Sunday, December 26, 2010

December 26 Sermon (Christmas 1)

Most of our festivities are over for Christmas.
· We have opened our presents.
· We have had our feast.
· Our relatives have returned to their homes.
· Things quiet down and we begin to think about tonight’s snow and the festivities around New Years...

But the Gospel for today bids us stop and ponder the birth of Jesus anew, but not in what we have just celebrated. We have experienced both Matthew's and Luke's infancy narratives around Jesus and his birth.

But today, John's Gospel makes us consider a more cosmic and mystical side of the birth and life of Jesus. It reminds me of the revelation that the Grinch experiences after he has taken all of the presents and decorations and food from the Whos of Who-ville. They wake-up on Christmas morning and begin to sing their song; the Grinch is puzzled until he realizes that Christmas doesn't come from a store, that maybe Christmas means a little bit more. John's Gospel gets us to see that Christmas means much, much more.
"In the beginning was the Word, and the Word was with God and the Word was God. He was in the beginning with God."
In the beginning, words reminiscent of Genesis, the beginning of the Bible, the beginning of our Story: The Word was with God and the Word was God. The Word, in Greek “Logos,” which also means Wisdom, The Word is both distinct from God and yet synonymous with God. The Word becomes God Incarnate, enfleshed in Jesus, both Human and Divine. Jesus has that connection with God we all long for (because he is close to the Father's heart). The Son of God, the Word, was with God from the beginning of time and helped create all there is. Jesus is the hinge that connects our creation and our redemption.
“What has come into being in him was life, and the life was the light of all people.”
That light brought rich Wise Men and poor Shepherds to the manger to glorify and praise God. It was the light in the midst of the darkness in the world. It brought grace upon grace. In the darkness, Jesus was not accepted by his own (The Gospel continues). . .but for those who did accept him, he gave power to become Children of God.
"And the Word became flesh and lived among us, and we have seen his glory, the glory as of a father's only son, full of grace and truth."
The word became flesh and was born for us and another pageant story comes to mind…
It was time for the annual Nativity pageant put on by the children of the church. The manger was located in front of the altar steps. Mary was there in a blue mantel and Joseph in a cotton beard. The wise men were there with a handful of shepherds, and of course, in the midst of them all was the Christ Child, lying on the straw.

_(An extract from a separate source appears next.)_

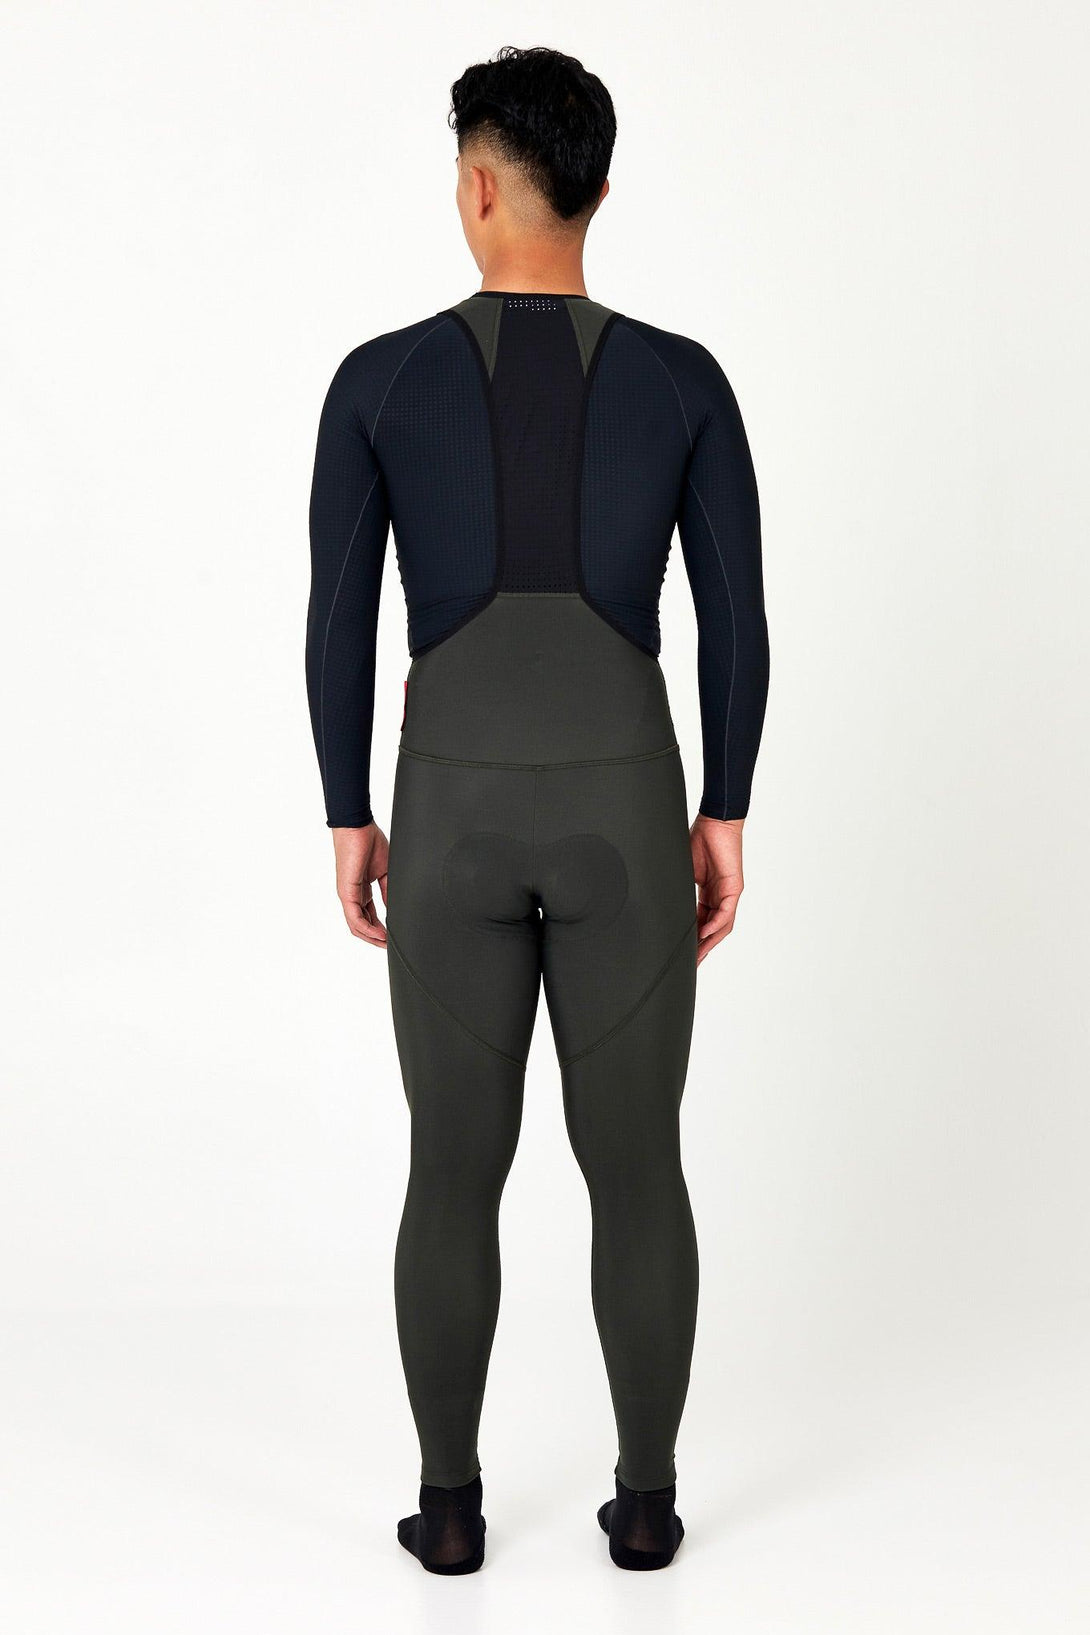 Culotte Largo Factory Thermal Hombre - Twenty One Cycling

The nativity story was read by the pastor with carols sung at the appropriate places, and all went like clockwork until it came time for the arrival of the angels - a "heavenly host" of the children of the congregation dressed in white and scattered throughout the pews with their parents. At the right moment the angels were supposed to come forward and gather around the manger to sing, "Glory to God in the highest" and that is just what they did - except there were so many angels that there was a fair amount of crowding and jockeying for position.

One angel, about nine years old who was smaller than most of the other angels, ended up so far out on the fringes of things that not even by craning her neck and standing on tiptoe could she see what was going on. "Glory to God in the highest" they all sang on cue, and then in the momentary pause that followed, the small girl electrified the entire church by crying out in a voice shrill with irritation and frustration and enormous sadness at having her view blocked, "Let Jesus show!"

The wise pastor decided to end the pageant right there. "Let Jesus show!" the child-angel had cried out, and while the congregation sat in stunned silence, the good father offered a quick final prayer and blessing, and everybody filed out of church with those unforgettable words ringing in their ears. [From Secrets in the Dark: A Life in Sermons by Frederick Buechner.]
Indeed, God let it show on that first Christmas Day when the word became flesh and dwelt among us. But now it is up to us, to let it show, to help bring the meaning and gift of Christmas from here, to wherever we find ourselves. A lovely quote online put it this way:
“Christmas is not as much about opening our presents as opening our hearts.” (Janice Maeditere)
Today, let us open our hearts for Christ is born for us, the Word has become flesh and dwelt among us, and that open heart can lead us to do what Christ asks us to do today and always, to love one another. Amen.